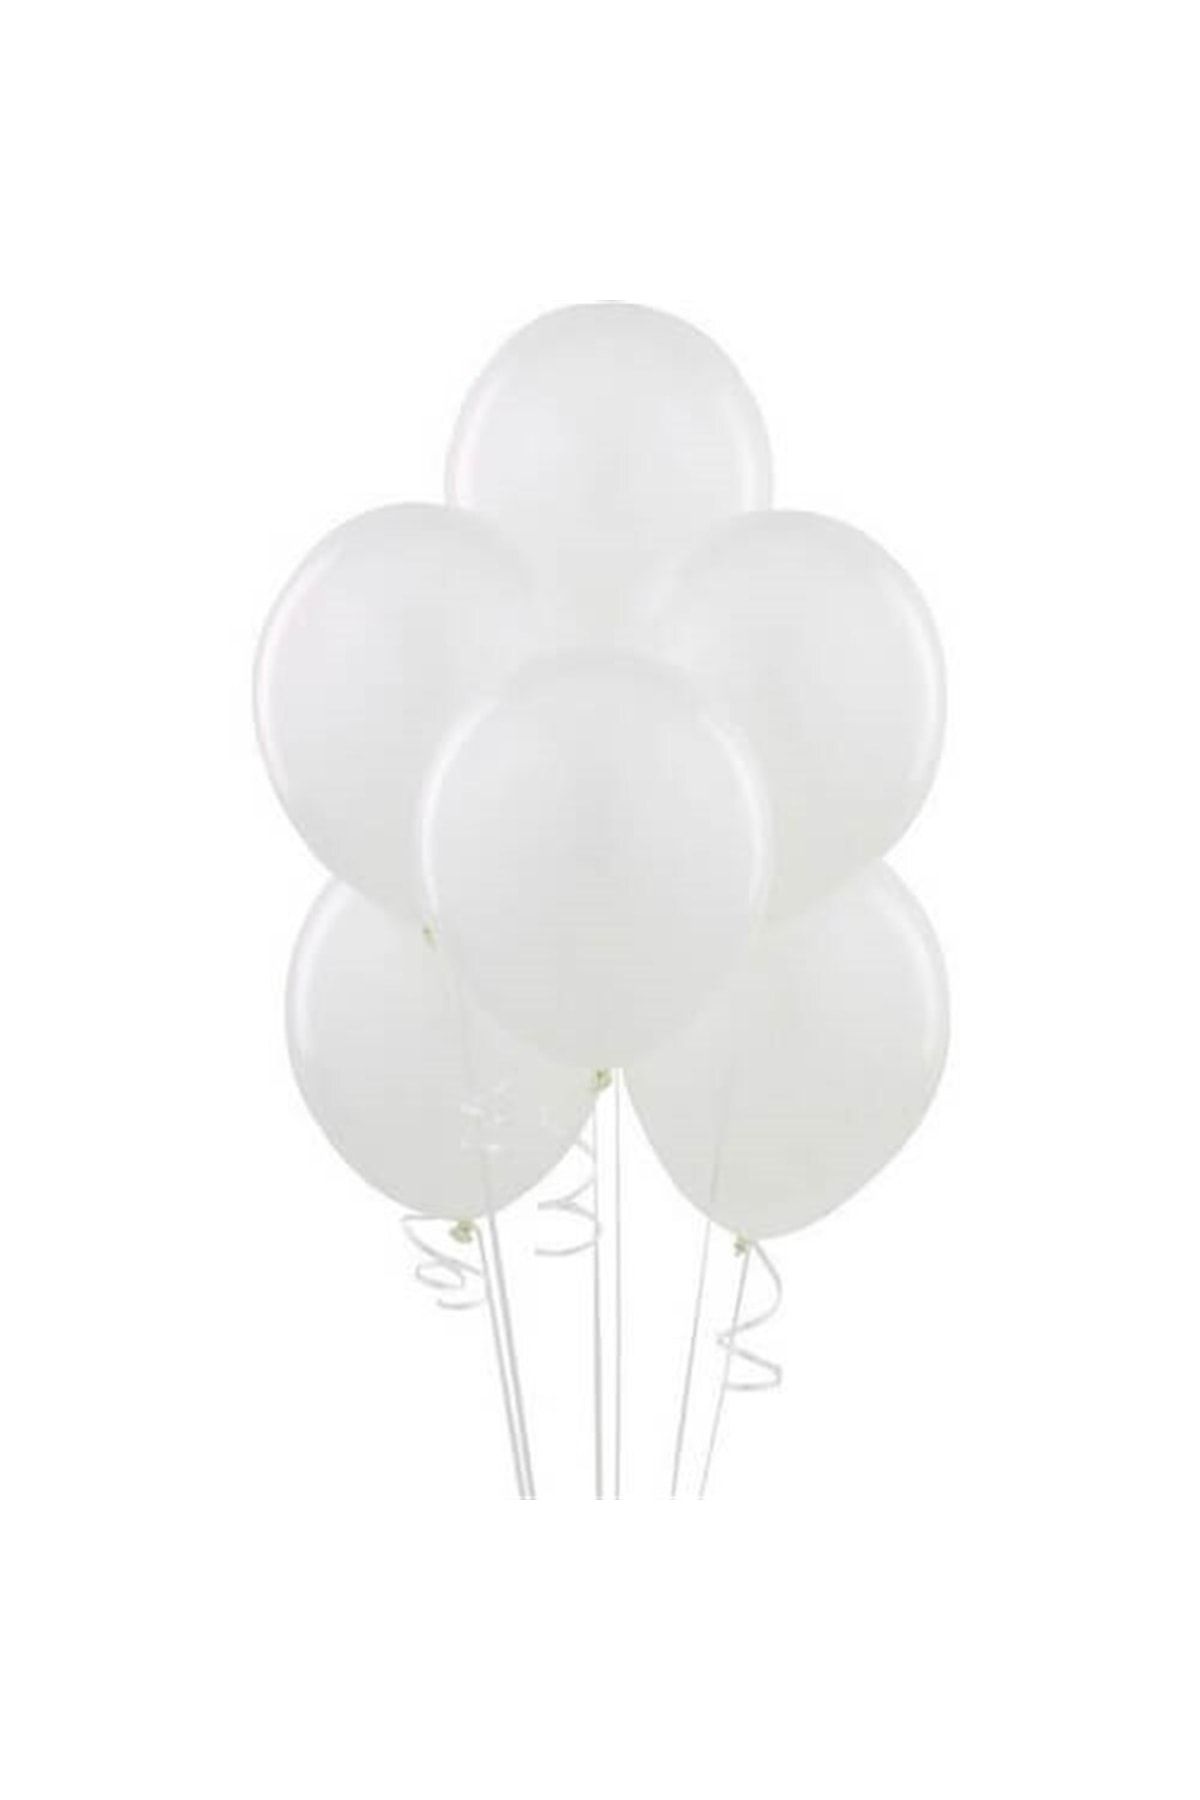 ECE PARTİ Metalik Balon Beyaz 10 'lu Paket
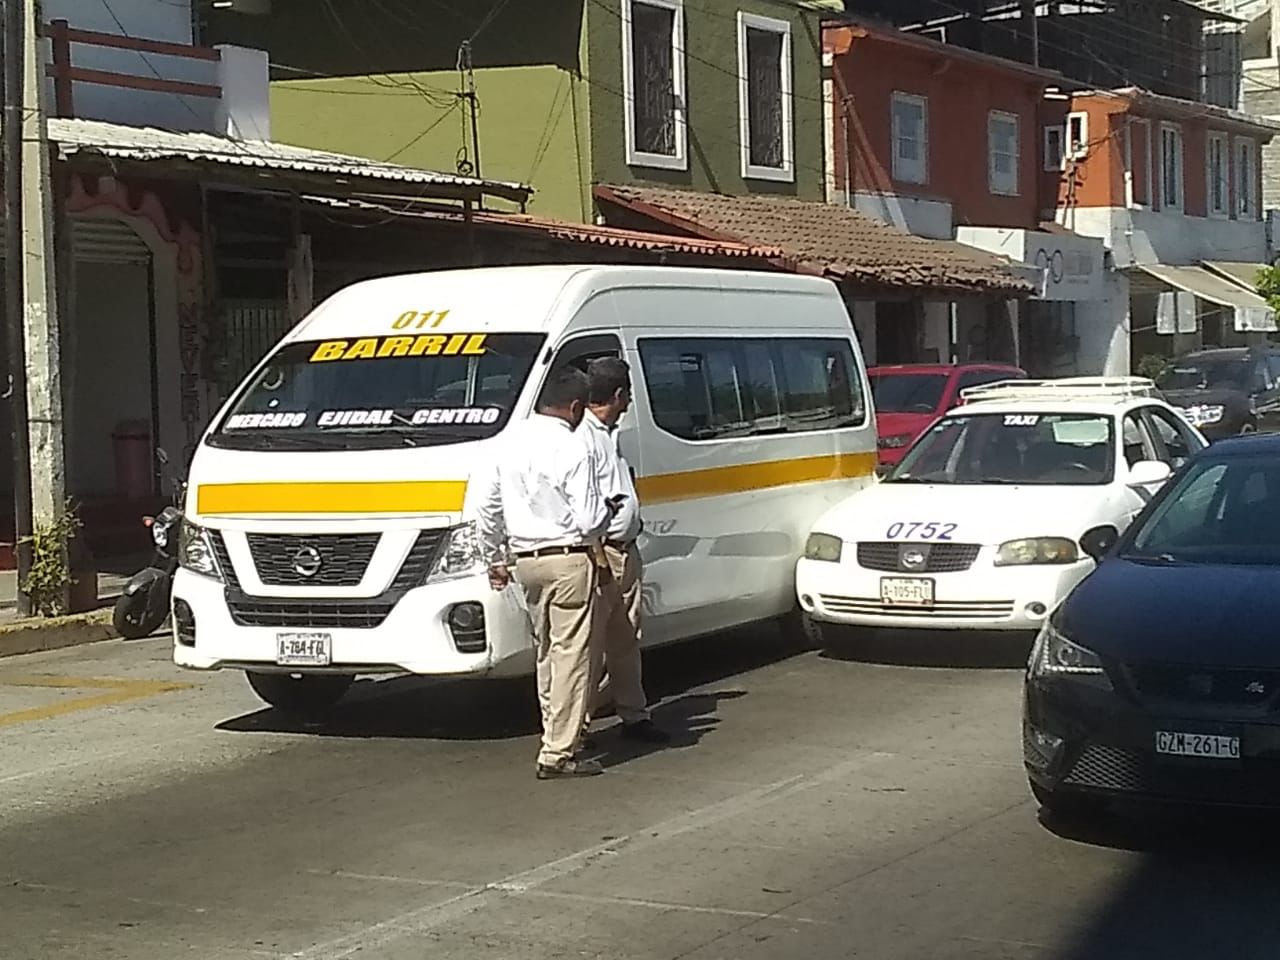 Urvan y taxi implicados en choque en avenida de Zihuatanejo
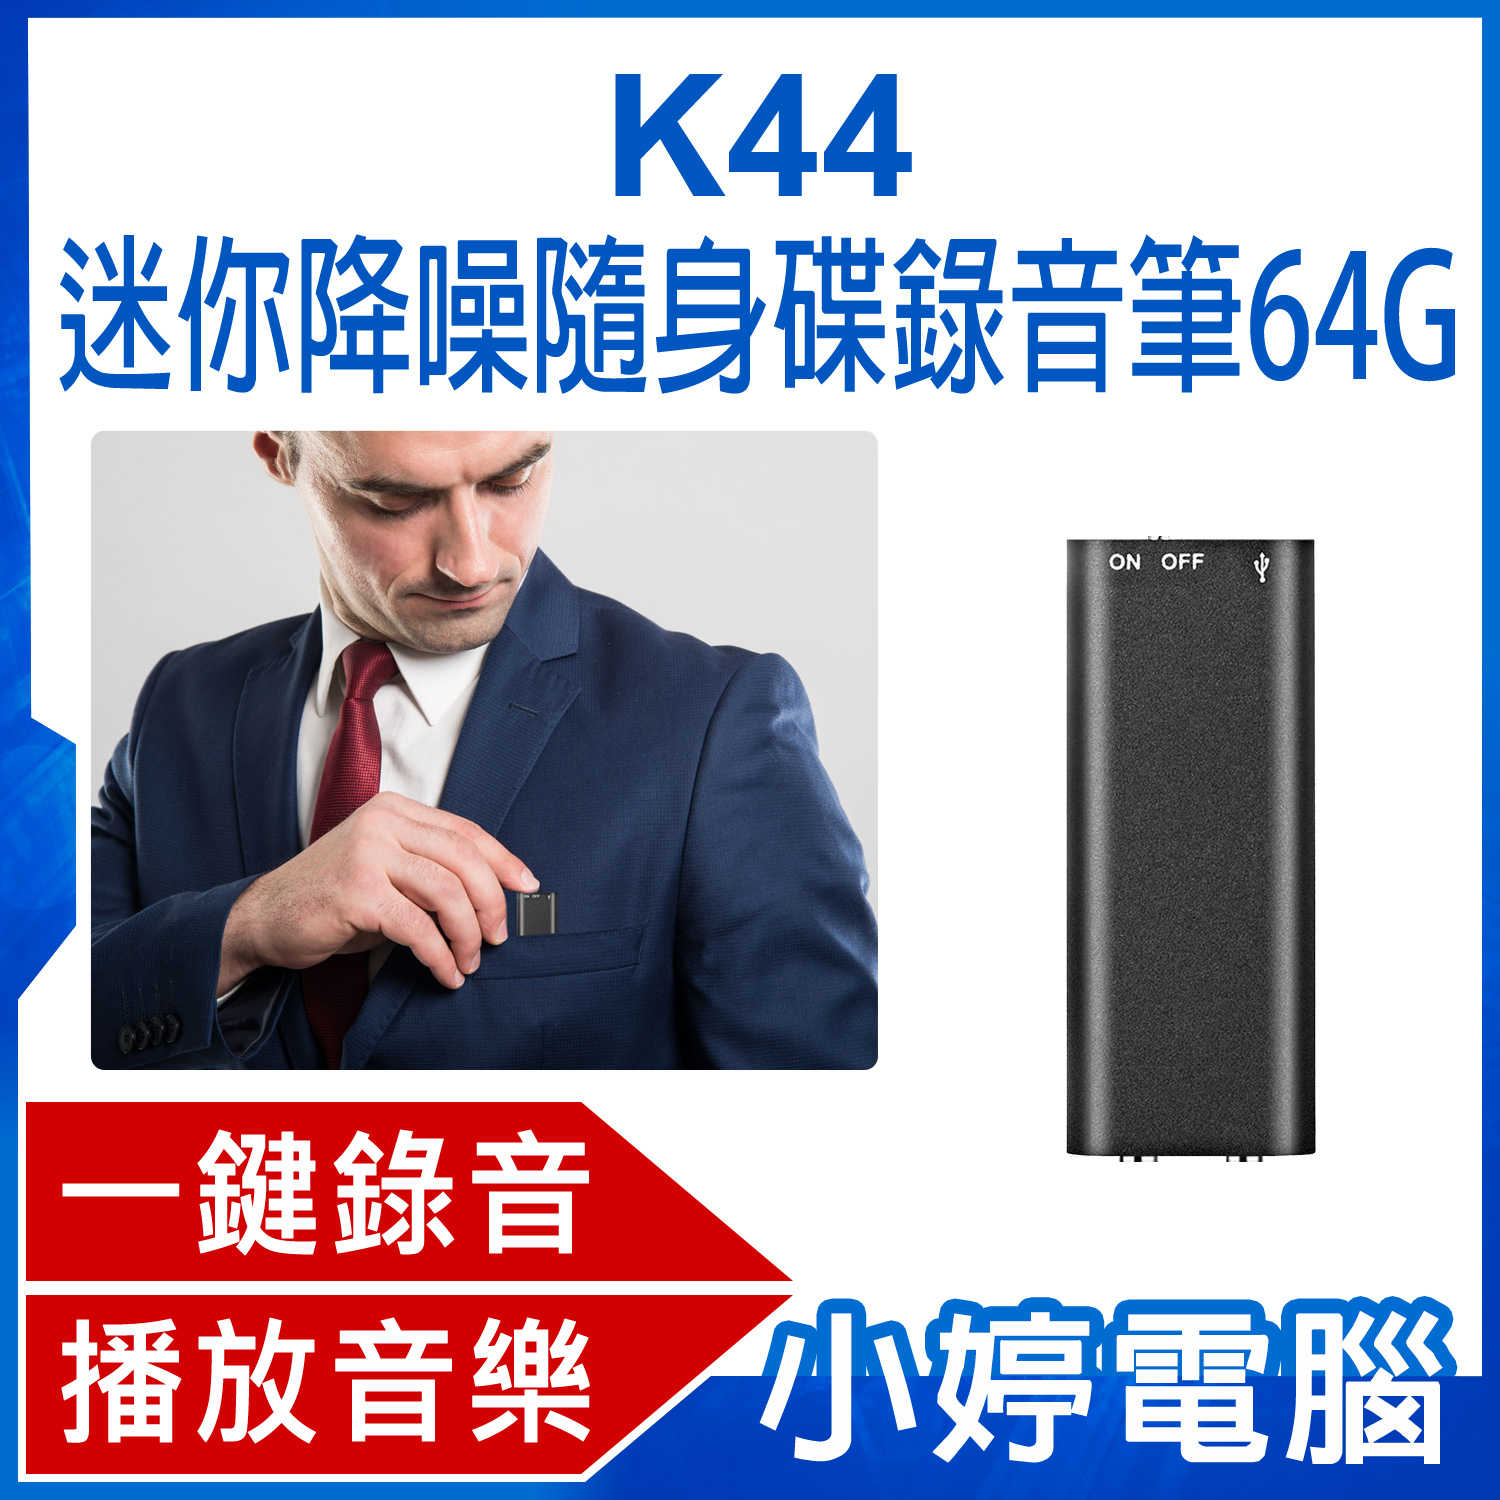 【小婷電腦】K44 迷你降噪隨身碟錄音筆 64G 高清降噪音微型錄音器 小型隨身錄音機 一鍵錄音 聲控錄音

----------

== Work task ==
An exact copy of the listing is required, with every image removed.

== Exercise solution ==
 ECE PARTİ Metalik Balon Beyaz 10 'lu Paket
 Urvan y taxi implicados en choque en avenida de Zihuatanejo
 【小婷電腦】K44 迷你降噪隨身碟錄音筆 64G 高清降噪音微型錄音器 小型隨身錄音機 一鍵錄音 聲控錄音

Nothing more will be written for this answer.